Разговор, как обычно, пошёл вокруг дороги и перегона. Дяди-Сашина жена молчала, а сам он, сидя вполоборота и широко расставив ноги, рассказывал про свои пространные пробросы в Комсомольск и Находку.

– Да ты чо, я там всё избороздил. Сам знаешь, что такое дорога. Поперву и город-то проехать проблема была – она, трасса, хорошо, если скользом его хватает, а если через город – пока выберешься, семь потов сойдёт. Ну знаешь же… особенно Хабаровск… Давай, наедайся. Тебе вон ещё куда ехать…

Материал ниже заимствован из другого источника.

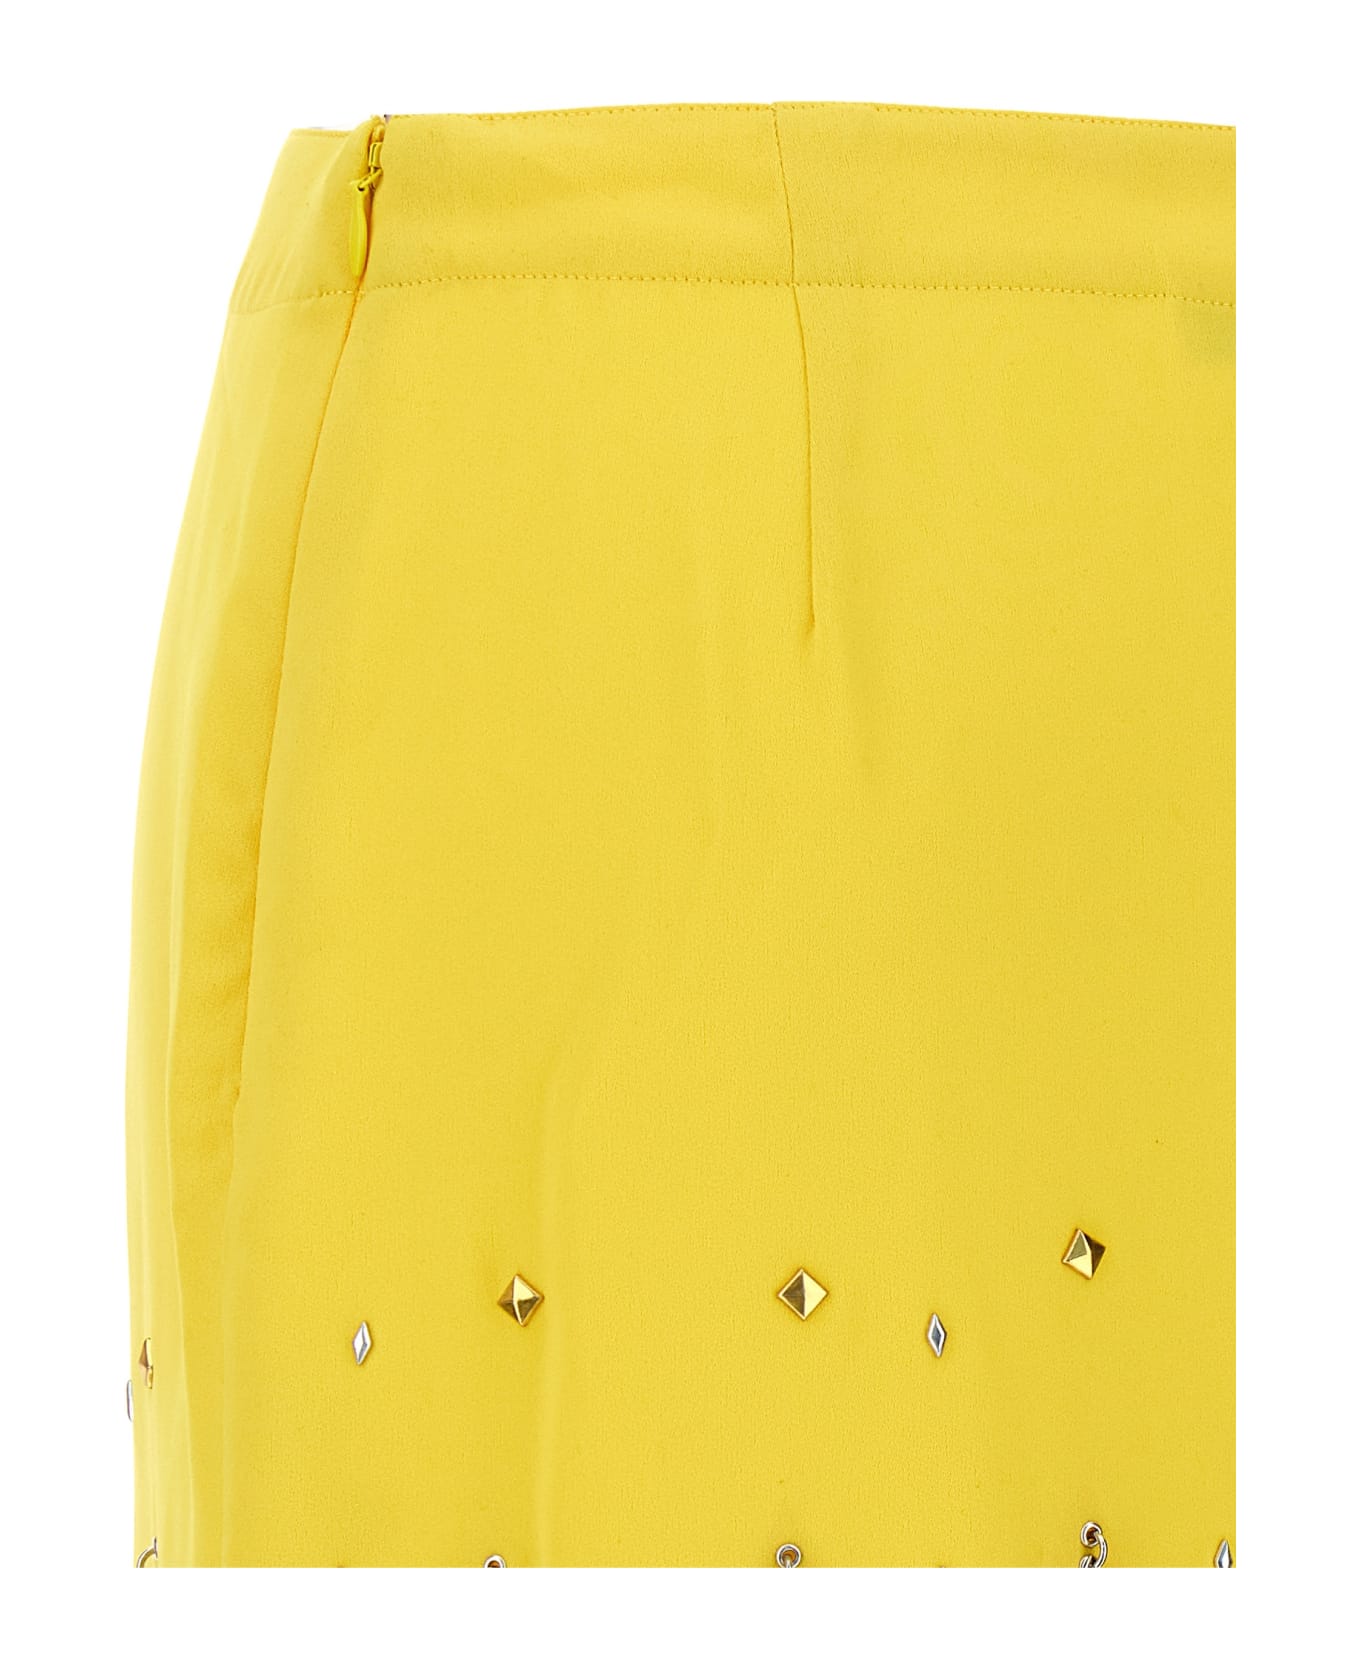 Paco Rabanne Diamond-hued Sequin Skirt - Yellow

Потом разговор неминуемо перешёл на машины, Женя оценил дяди-Сашин уже не молодой «крузак», и тот ответил:

– У меня их два штуки. Да ну н-на… Мне больше и не надо ничего. Тут даже говорить нечего. Я знаю – это моё.

И, садясь в «крузака», сказал: – Ну, давай, Женя. Не гони только. Тише едешь – дальше будешь.

Куда он ехал и зачем, Женя и гадать не пытался, но в путь пустился взбодрённым – очень уж подкрепил его дядя Саша своим «моё», относившимся, как казалось, уже ко всему окружающему, а не только к машине.

Это были великие степные места, ничуть не менее мощные и выразительные, чем таёжные. Трасса тёмной полосой забиралась на меловой увал. Степь была то сплошь жёлтой, то присыпанной снегом, но щёточка травки торчала из-под снега почти везде. Волны, складки, стрелки с жёлтыми травяными гранями – всё было очень рельефным, плотным, литым.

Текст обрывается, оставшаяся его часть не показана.